### ACTIVITY
For this exercise, output the entries below exactly from the line that holds "This jawbone found" to the line that holds "Brilliant Embers Sterling", both ends included. No pictures belong in the copy.
::: DATA SECTION
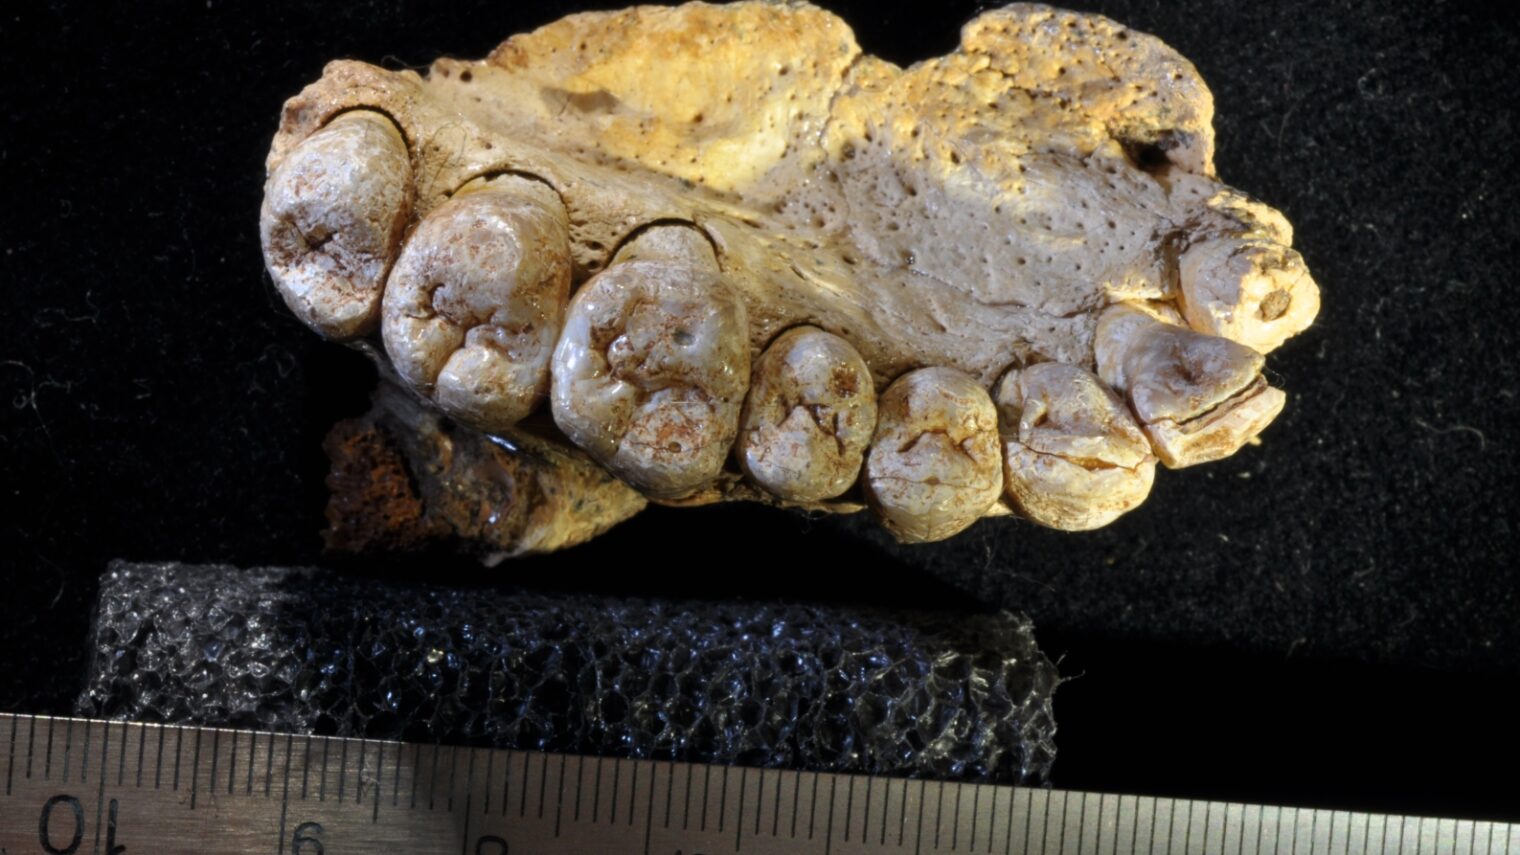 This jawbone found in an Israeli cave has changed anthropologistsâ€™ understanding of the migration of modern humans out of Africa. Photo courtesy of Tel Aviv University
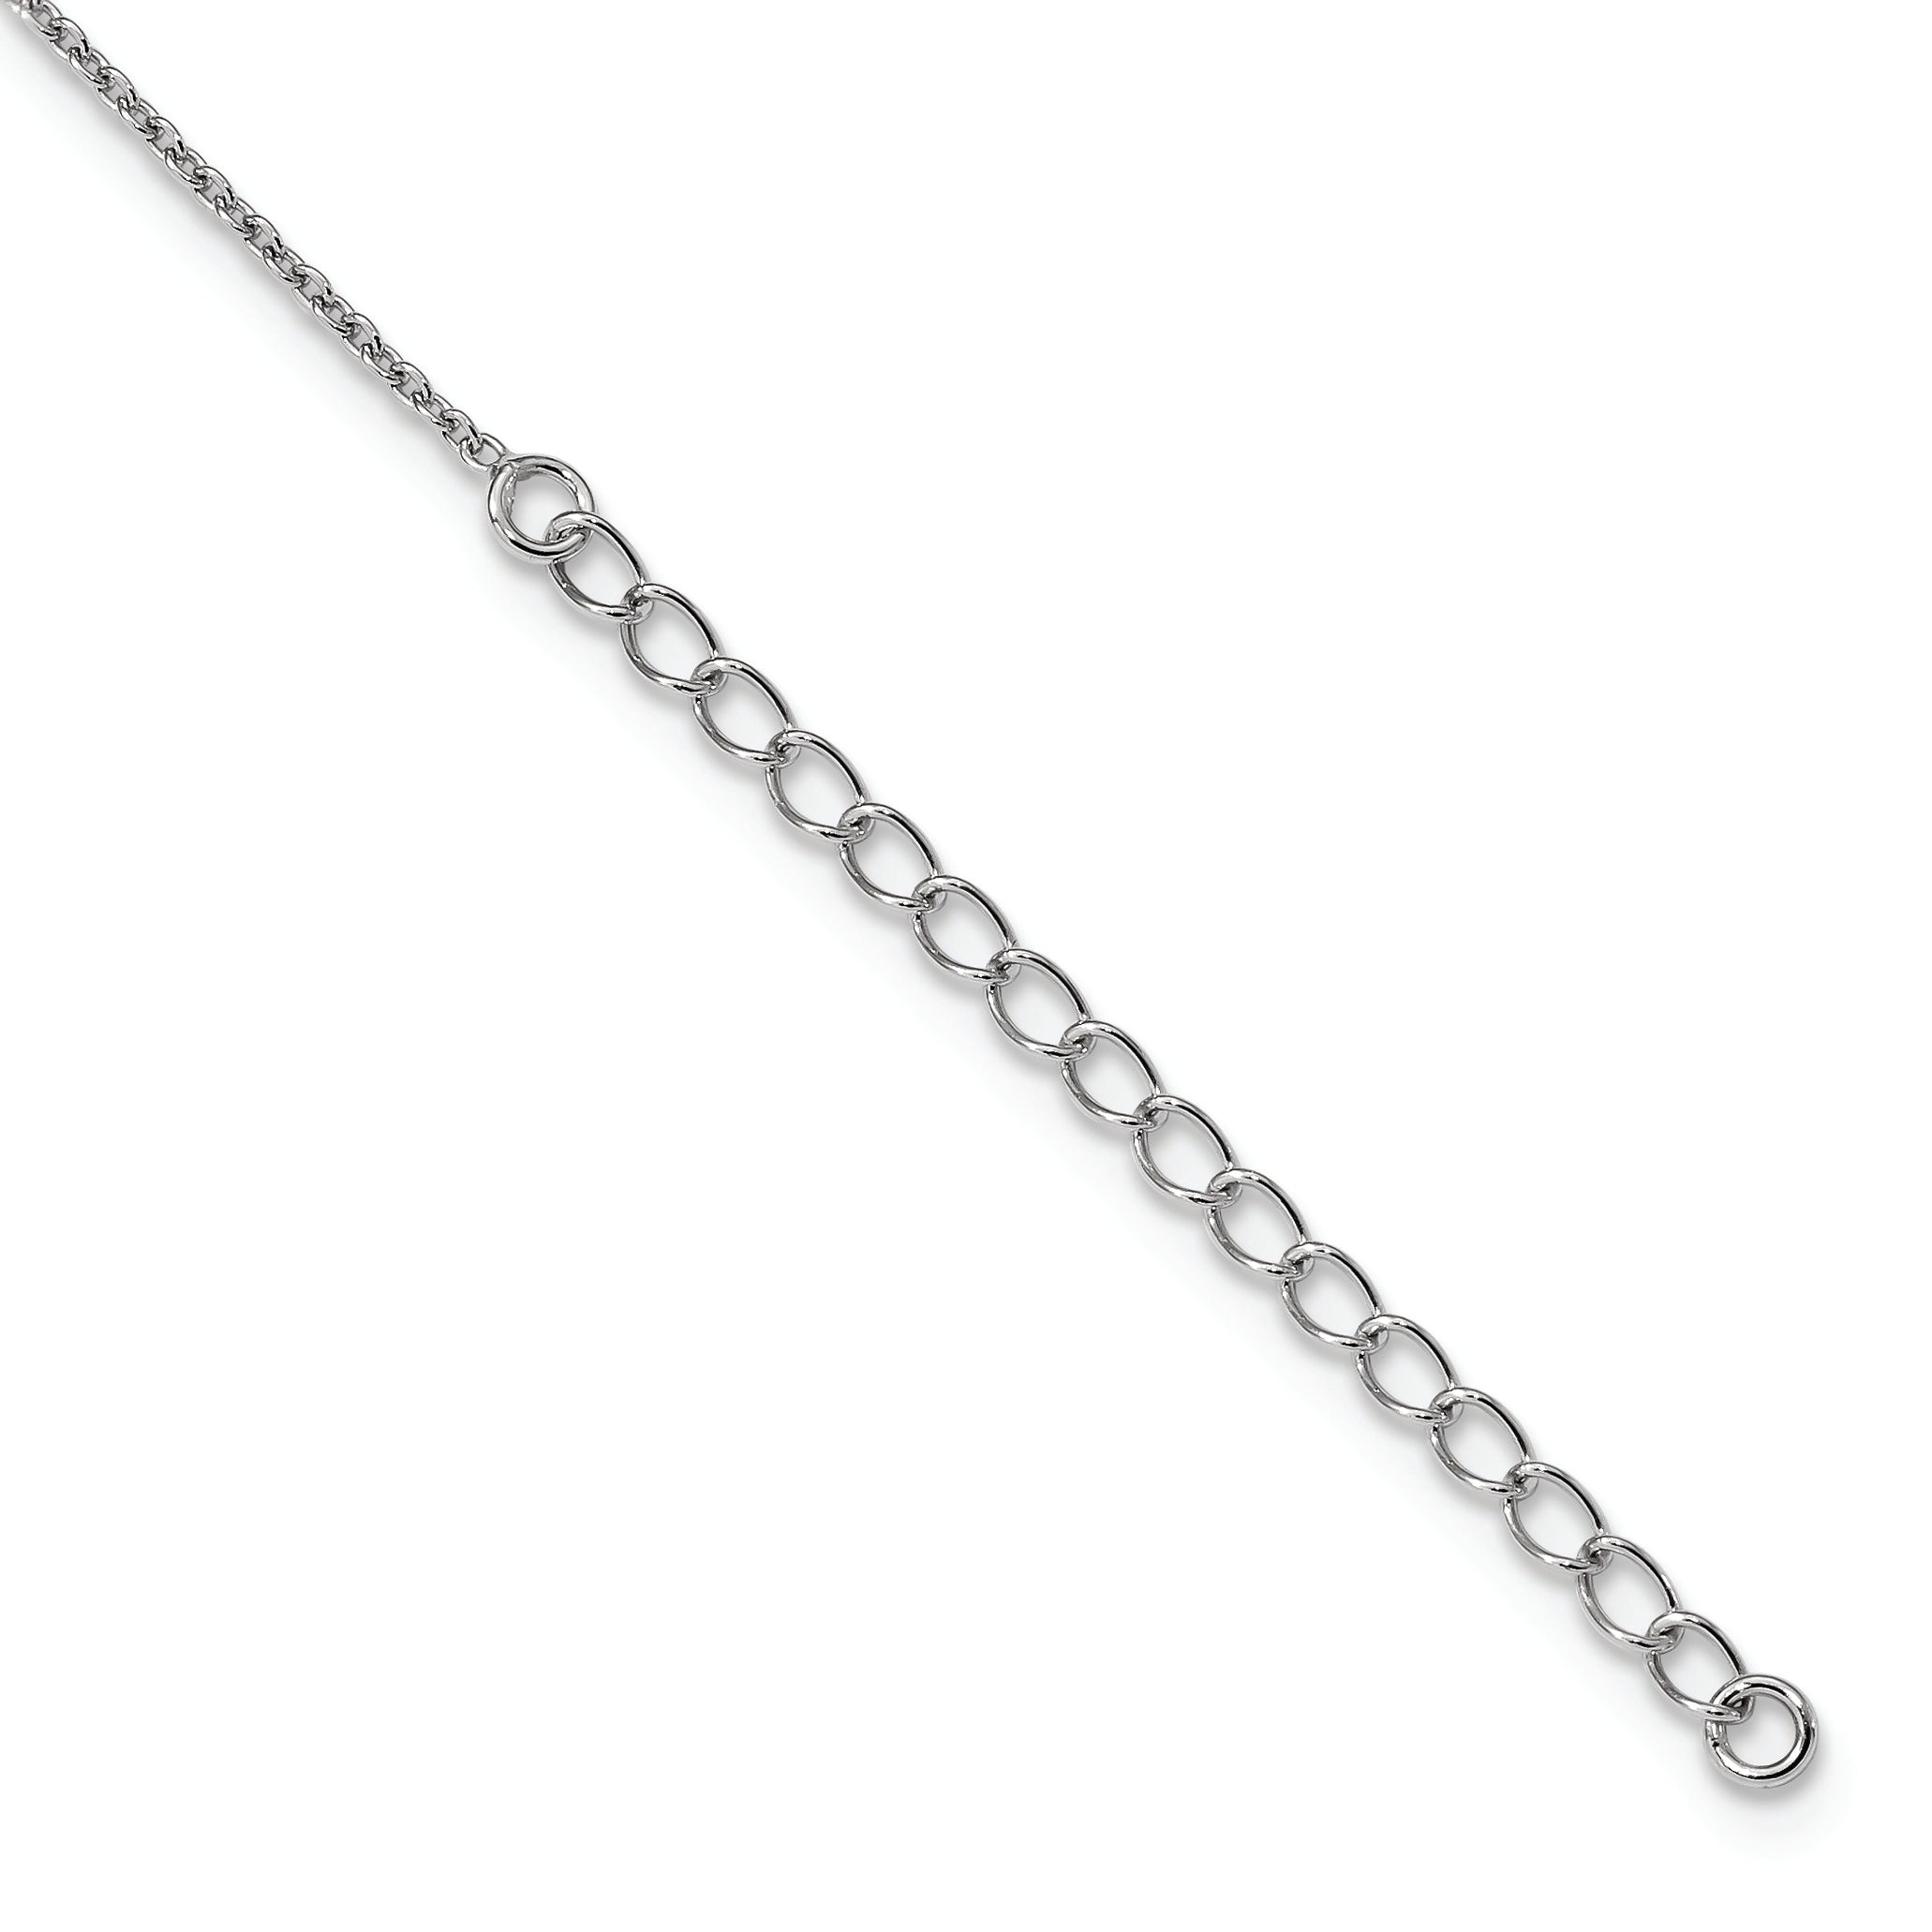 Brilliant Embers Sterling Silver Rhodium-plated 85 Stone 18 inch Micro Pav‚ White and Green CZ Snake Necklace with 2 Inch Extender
::::::
::: DATA SECTION
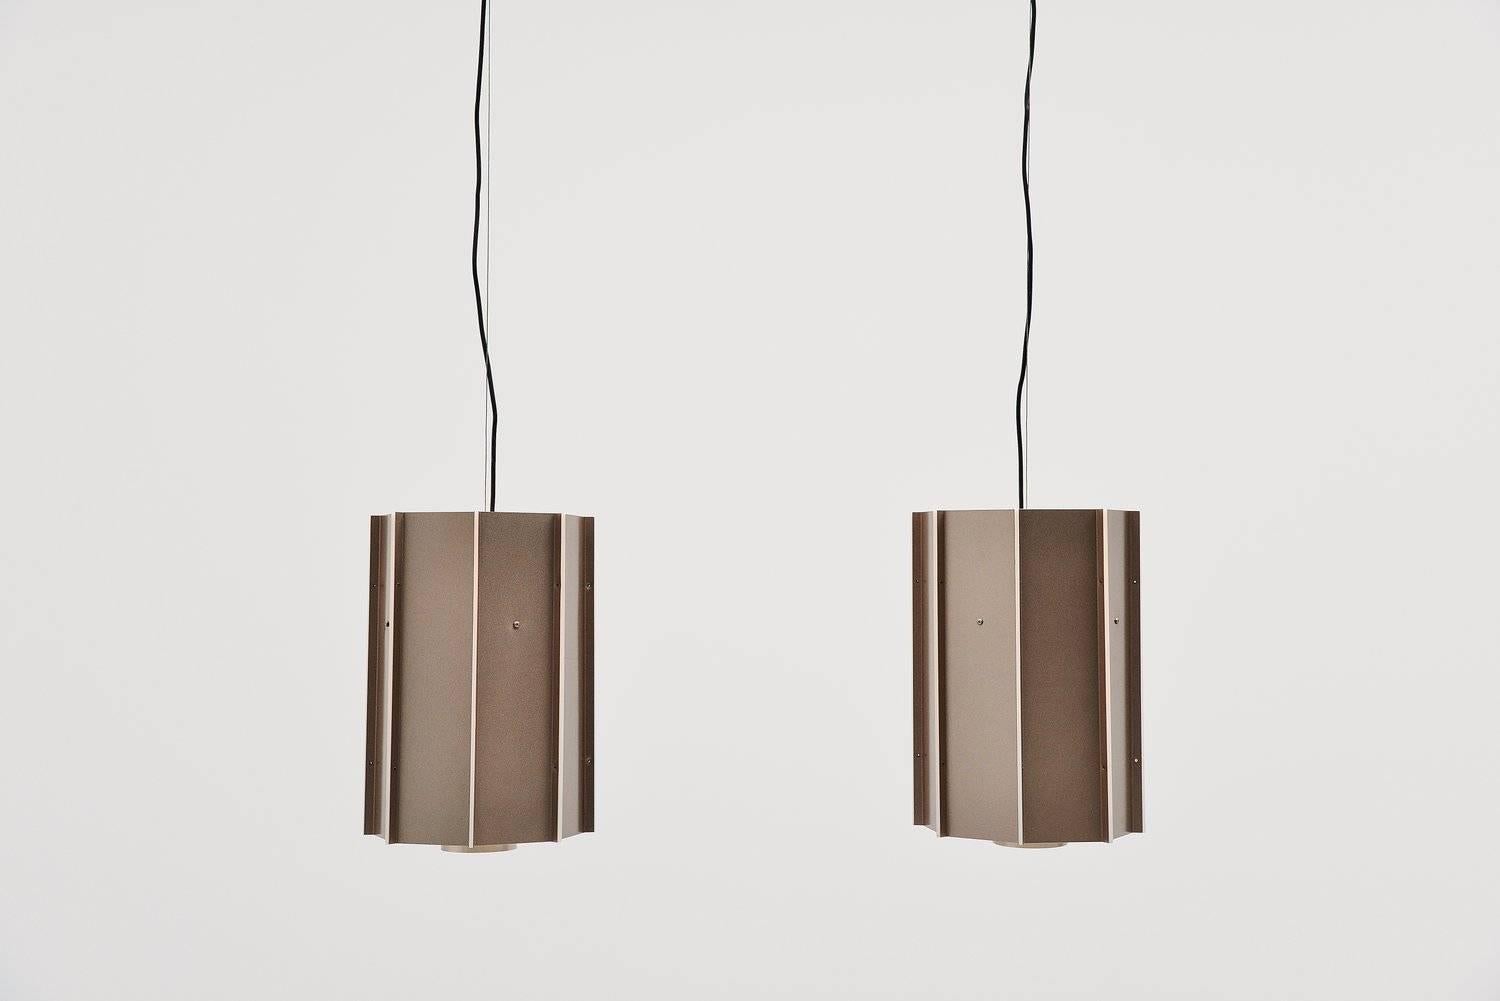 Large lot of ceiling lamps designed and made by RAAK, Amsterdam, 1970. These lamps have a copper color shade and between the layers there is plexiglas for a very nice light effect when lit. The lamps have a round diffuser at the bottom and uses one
::::::
::: DATA SECTION
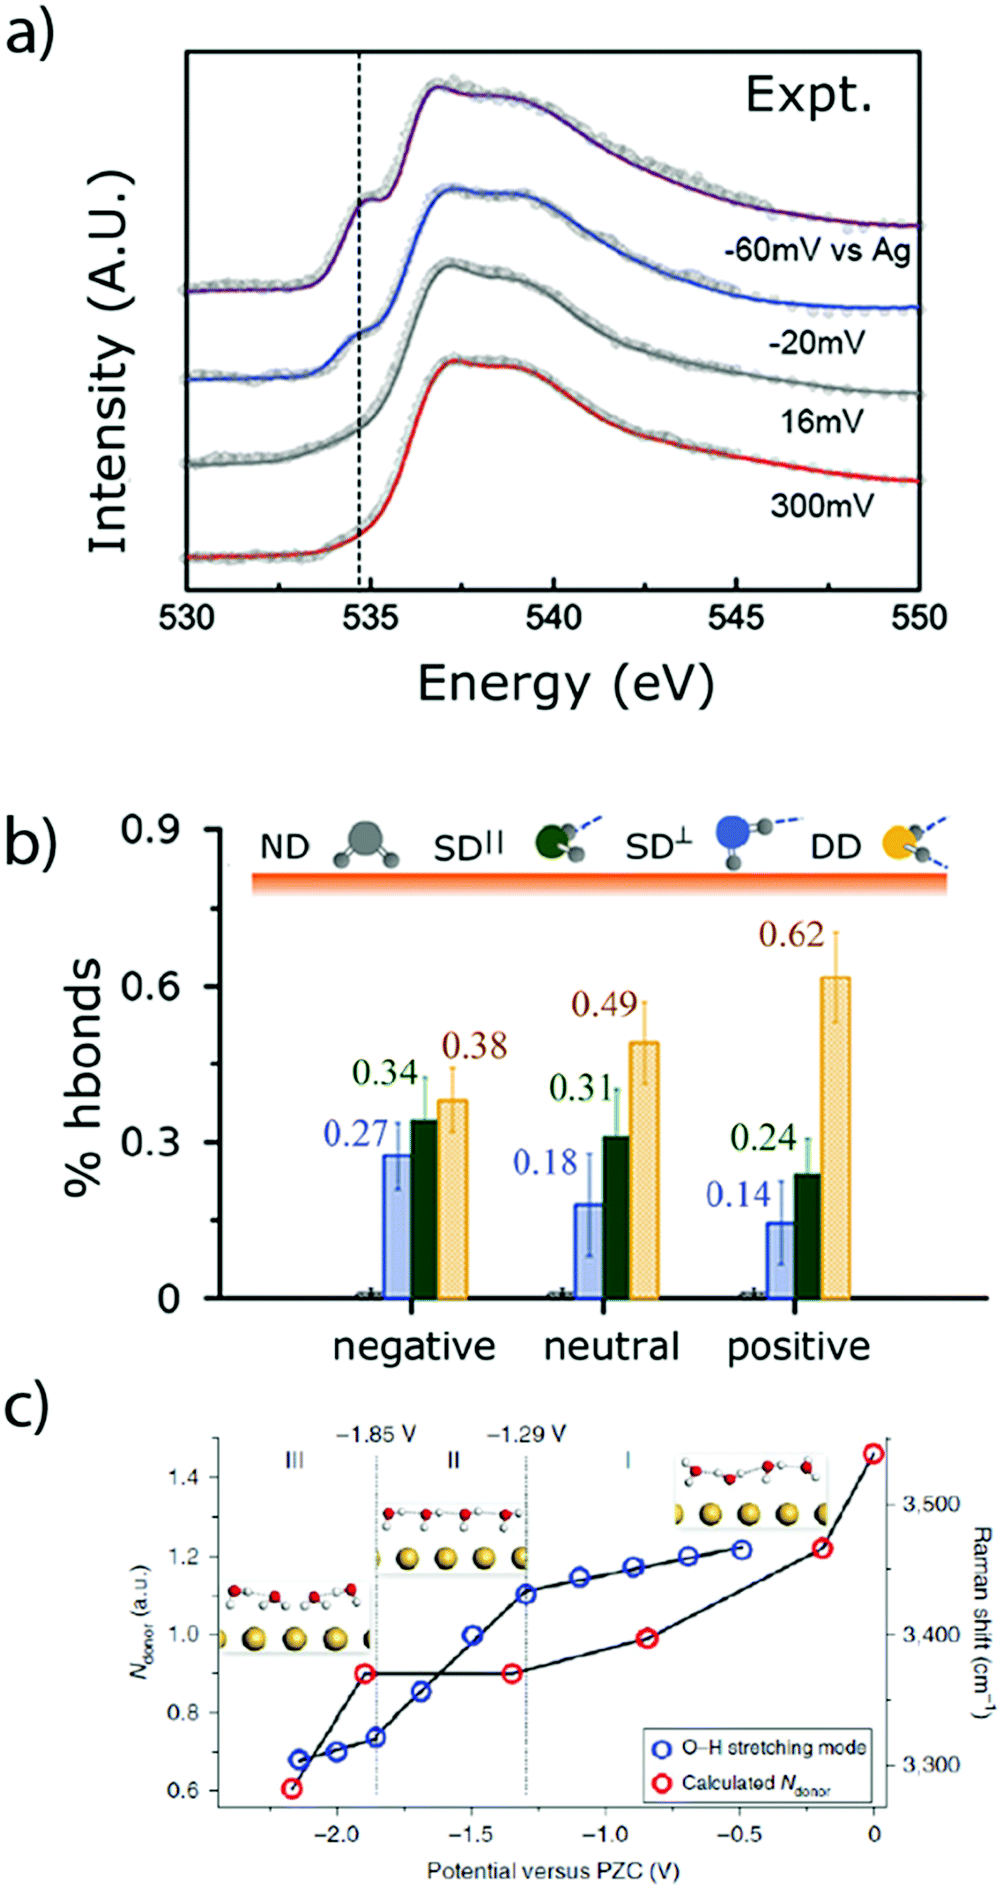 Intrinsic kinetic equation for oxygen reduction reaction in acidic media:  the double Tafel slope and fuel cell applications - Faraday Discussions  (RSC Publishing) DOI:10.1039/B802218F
::::::
### RESULT OF THIS TASK
 This jawbone found in an Israeli cave has changed anthropologistsâ€™ understanding of the migration of modern humans out of Africa. Photo courtesy of Tel Aviv University
 Brilliant Embers Sterling Silver Rhodium-plated 85 Stone 18 inch Micro Pav‚ White and Green CZ Snake Necklace with 2 Inch Extender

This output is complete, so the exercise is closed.